In order to succeed today, a student cannot permit himself real down time. He has to constantly be busy in order to accomplish success on the linear discrete path he has defined for himself. But without down time to reflect on himself and his situation, he becomes like a robot that has been programmed to do tasks perfectly, a machine that sets off to perform its tasks with minimal tolerance for deviating from certain expectations. So does a robot have the reflexive awareness to really enjoy and appreciate its successes? I think not. In the same way, students today trudge on, constantly on the move. The only deviation they seem to allow themselves is the deviation of depression that results from experiencing significant deviations on their road to success or significant failures.
And, of course, living in depression as a result of failure is, in a sense, similar to the external world, the frictionless mediated world of their daily lives. One is an internal experiential vacuum, the other is an external experiential vacuum. But the latter is something that students are trying to escape by creating an ongoing tension-pocket of their nonstop academic and later vocational treadmill. And creating a tension-pocket state of being is just as important to these students as trying to make and preserve some meaningful imprints, both on themselves and on a world which does not have many experiential spaces for making and preserving meaningful imprints. Ask assembly line factory workers about the meaningful imprints that they are preserving.
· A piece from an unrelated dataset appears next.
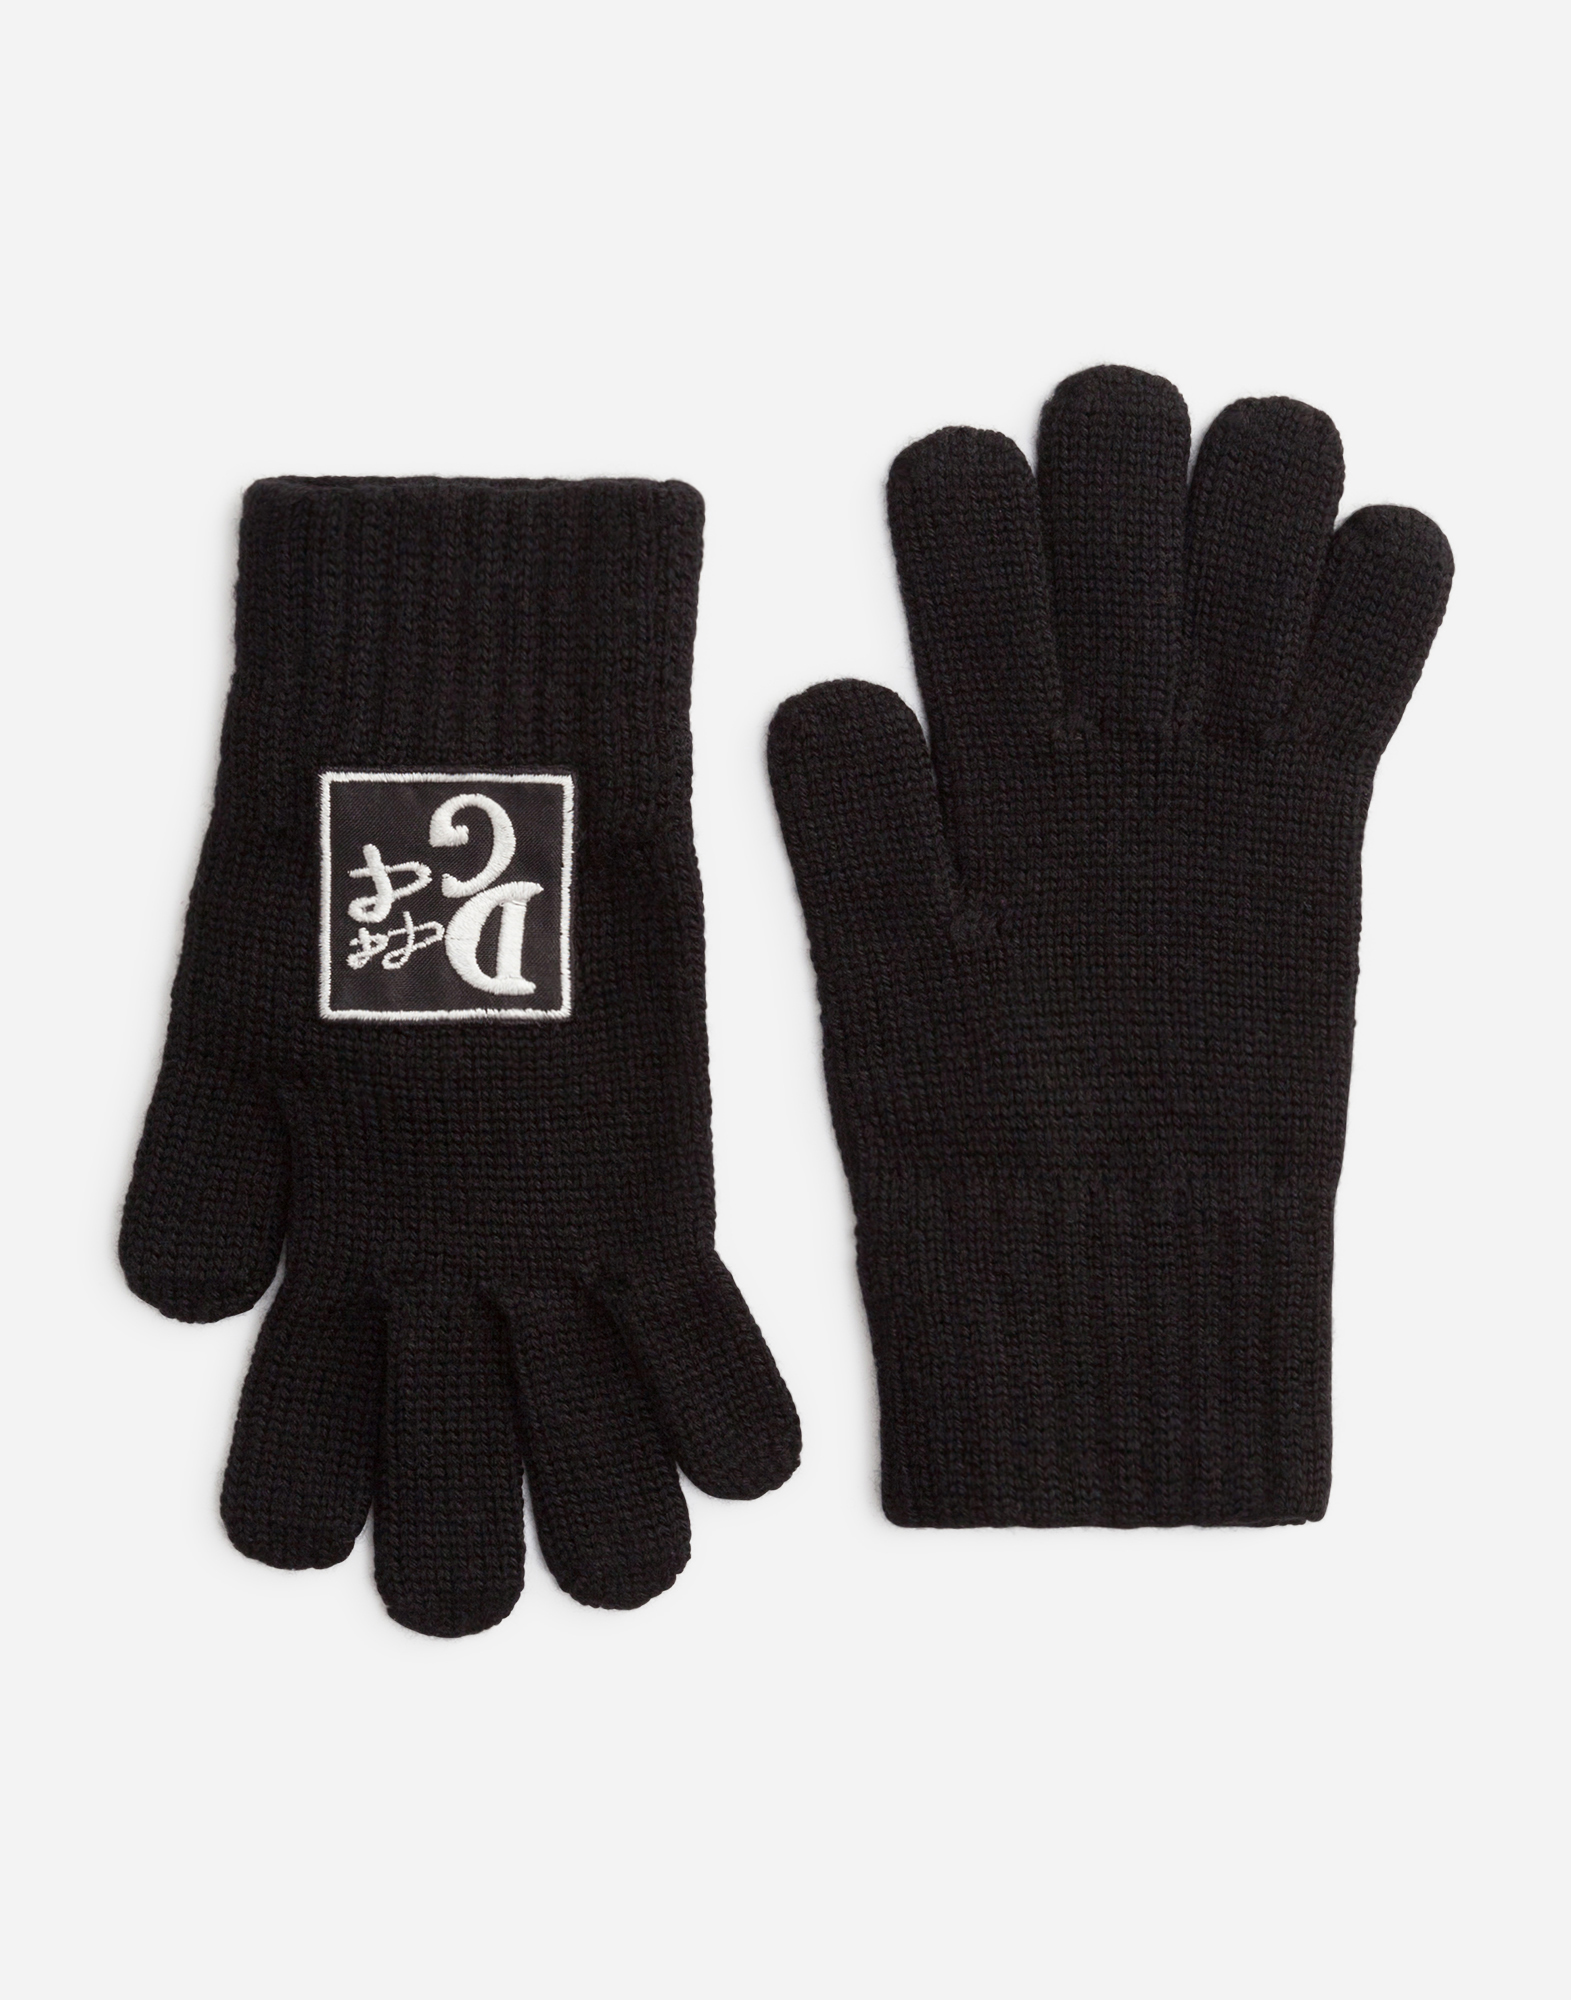 Dolce & Gabbana Kids' Knit Gloves With Logo Patch

Only with blind ambition does one have the opportunity to make and preserve meaningful imprints according to the agendas of these students. Only with blind ambition can one generate the internalized abrasive friction to feel fully alive. And only with blind ambition today is one able to generate the level and quality of internal stimulation to be able to pull oneself out of the numbness, the experiential vacuum of modern technological society, and still remain functioning and successful within the external world. The problem is that the stress created by the abrasive friction that is internally generated can be so destructive. And this is why so many students today are succumbing to so many different pathological psychological symptoms. And given the expectations that develop within them in order to fight numbness, the treadmill of modern ambition becomes a treadmill that is very difficult to get off.